A four-poster bed draped with sheers centered the large, windowless room. Two dressers lined the far walls, and a desk and reading chair sat near the entrance. Gesturing for me to stay there, Logan crossed to the smaller of the dressers and worked it across the thick silver-gray carpeting until it was clear of the wall by several feet. The second dresser, a low, six drawer antique model that looked to weigh about five hundred pounds, didn’t slide so easily across the pile. I bit my lip as he labored against it. It was unsettling how much I enjoyed watching that man move furniture.

When both dressers were clear of the wall, he drew a folding knife from his pocket and cut a long strip of carpet free. He tucked the loose end of it under a knee and dug at the wood flooring beneath with the knife to reveal a pair of dark metal fasteners. I had to stand on the tip of my toes and crane my neck to see how he released the plank that revealed the cubby hole.
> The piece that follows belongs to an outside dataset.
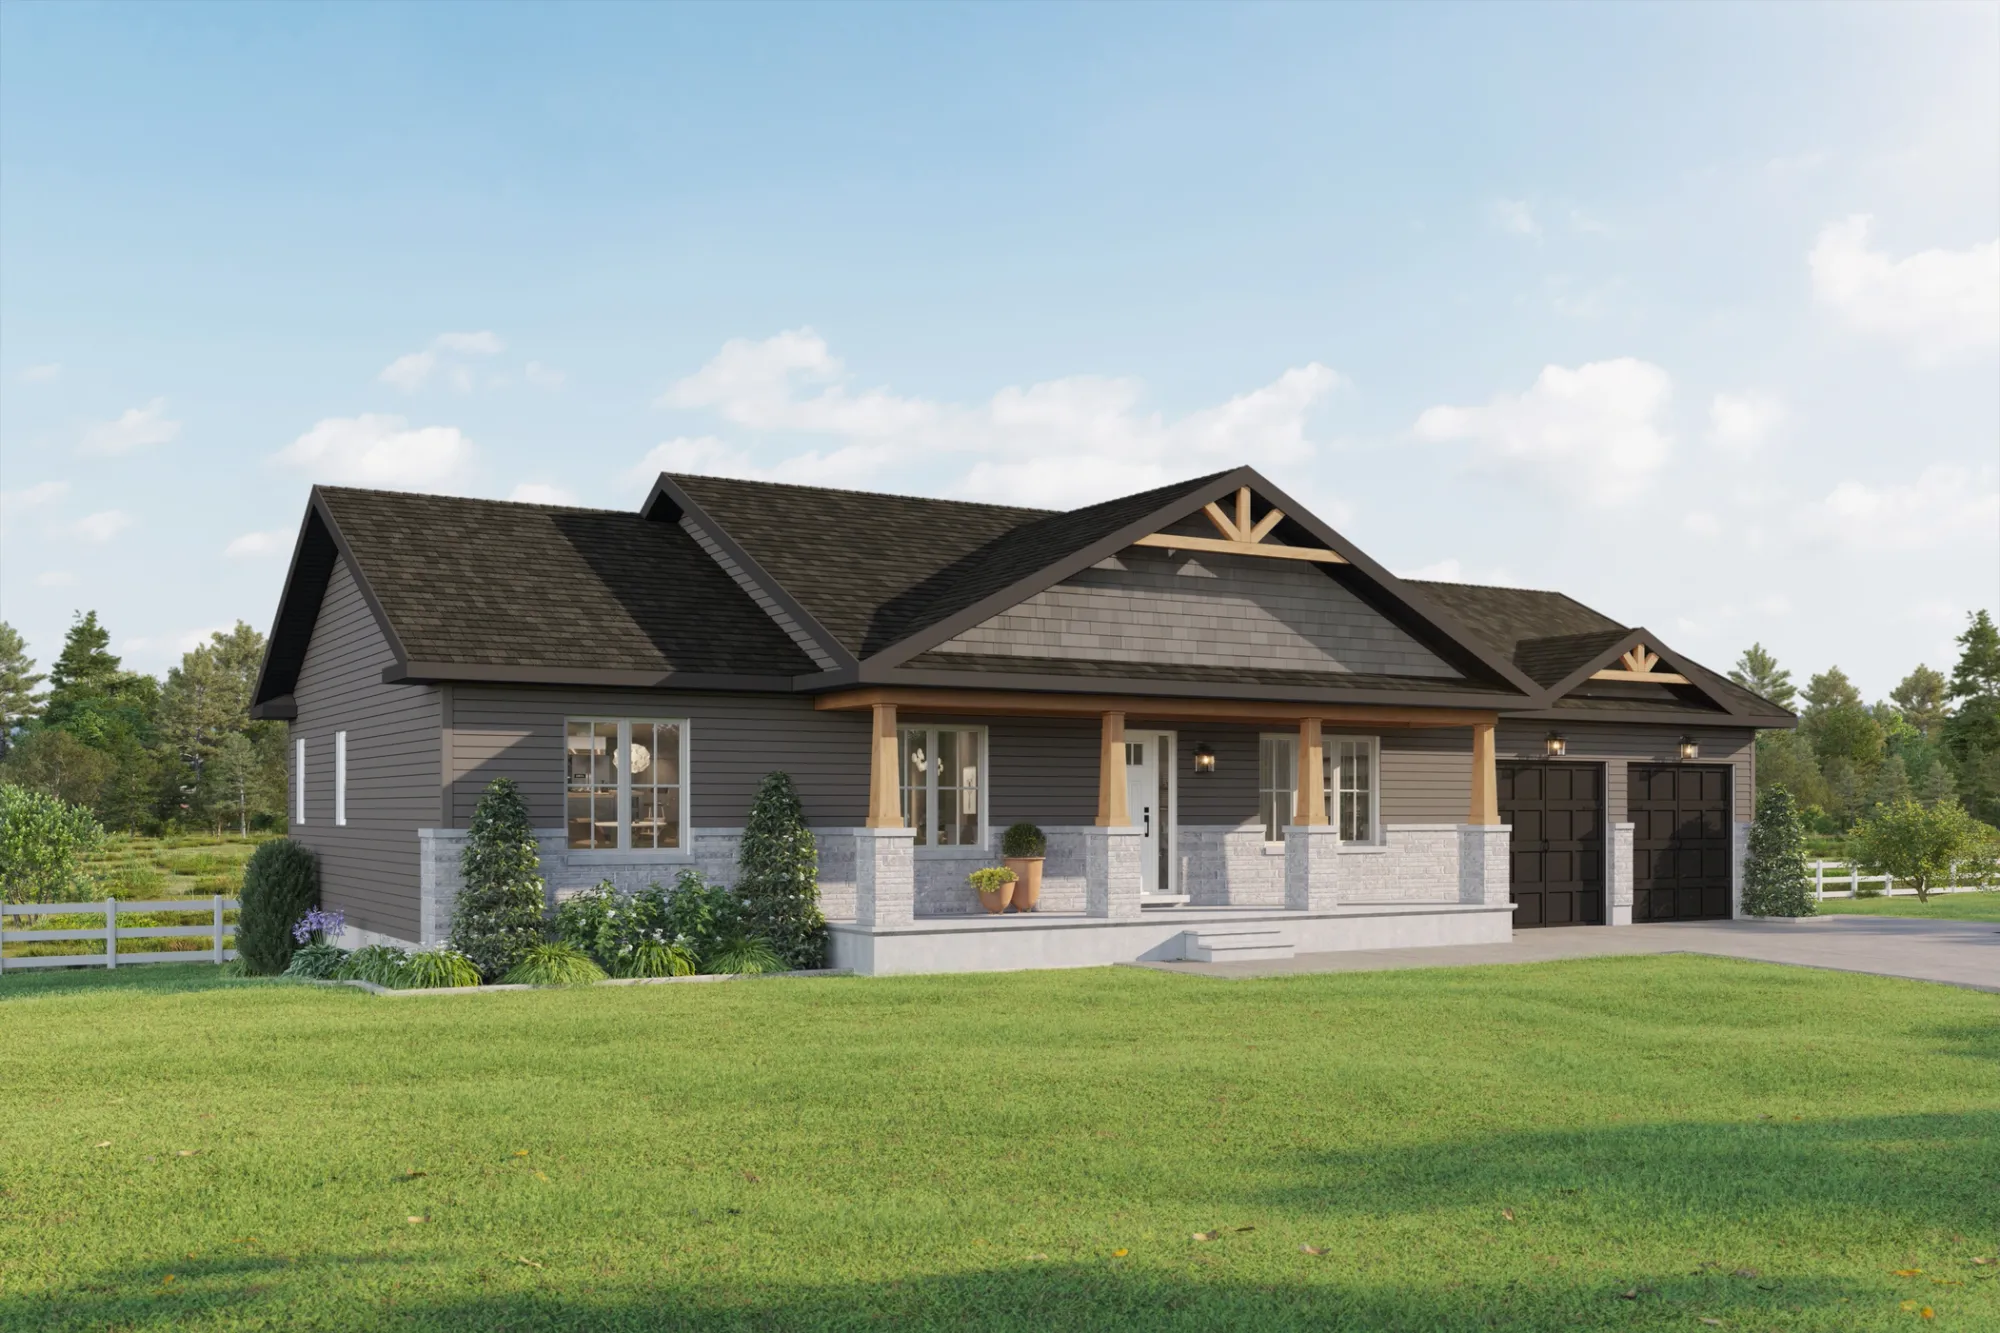 New bungalow for sale - Russell Ridge Estates, Marionville.

He glanced up at me as he removed a few small containers, and I dropped my heels back flat. He took them to the desk and I moved to stand beside him as he opened the first case and unrolled a canvas on the dark glossed wood before us.

My hand went to my chest, air suddenly hard to come by. I looked at Logan, unsure, and his solemn nod confirmed the parchment’s authenticity.

I was seeing the prophecy.

I reached out, knowing I shouldn’t touch the ancient material, but unable to resist being closer. As my hand hovered above the fine script, so different than those that I’d been studying for the last days, I was overtaken by a giddy, child-like excitement. I glanced at Logan, uncaring that I had flushed cheeks and a too-wide grin, and he smiled back at me.

“Go ahead and take a look,” he said. “I’m going to close things up a bit.”

He tucked a pair of thin white gloves into my hand and returned to the space beneath the flooring.

I meant to thank him, but wasn’t sure I’d said the words out loud. As I tugged the gloves on, I glanced about the room, but there were no cameras in the bedrooms of the Division houses. No one was watching. No one would see my gloved fingers tracing the worn edge of a thousand-year-old document.

But the moment they contacted parchment, the trembling in my hands ceased. It was real. All of it. The visions, the prophecy, the coming destruction. Too real to deny anymore. There was no more room for doubt. No more uncertainty or possibilities.

This was it.

These words were for me. I was the prophet. It was all there was.

Vaguely aware of Logan’s movements across the room, I recited the words in the old tongue; the words I’d known by heart before the first time they’d even come to me through a revelation. It took several minutes, but they seemed to move at a drawn-out pace, each one cementing themselves once more in my consciousness. The gravity of them had somehow changed. The import shifting from burden to substance. Power. These would be the words that saved us.

As I came to the end, I realized Logan was standing behind me. I took a deep breath, and for the first time in a very long while, it didn’t ache.

“Thank you,” I whispered, sliding off the gloves as I turned to Logan. He noticed the change in me, I could see that, but before he had a chance to speak, his phone vibrated.

He pulled the device from his pocket, pressed two buttons, and tucked it back away. “Looks like we’ll have to finish this up later.” He moved past me to roll the prophecy into a tube, and placed it and a few other documents in a satchel before looping the strap over his shoulder. “Ready?” he asked.

I was. I didn’t know what for, exactly, but there was no doubt left in my answer.

We exited the room to turn the opposite direction we’d come in, and Logan led me by the elbow at an even faster pace, not stopping to round the corners before me. I glanced behind us, but the halls were empty. He took us down a set of narrow stairs, pausing only briefly to check the screen of his phone. From my vantage point one step above him, I saw not a text message, but a small red dot on a blackened grid. Like a tracking signal.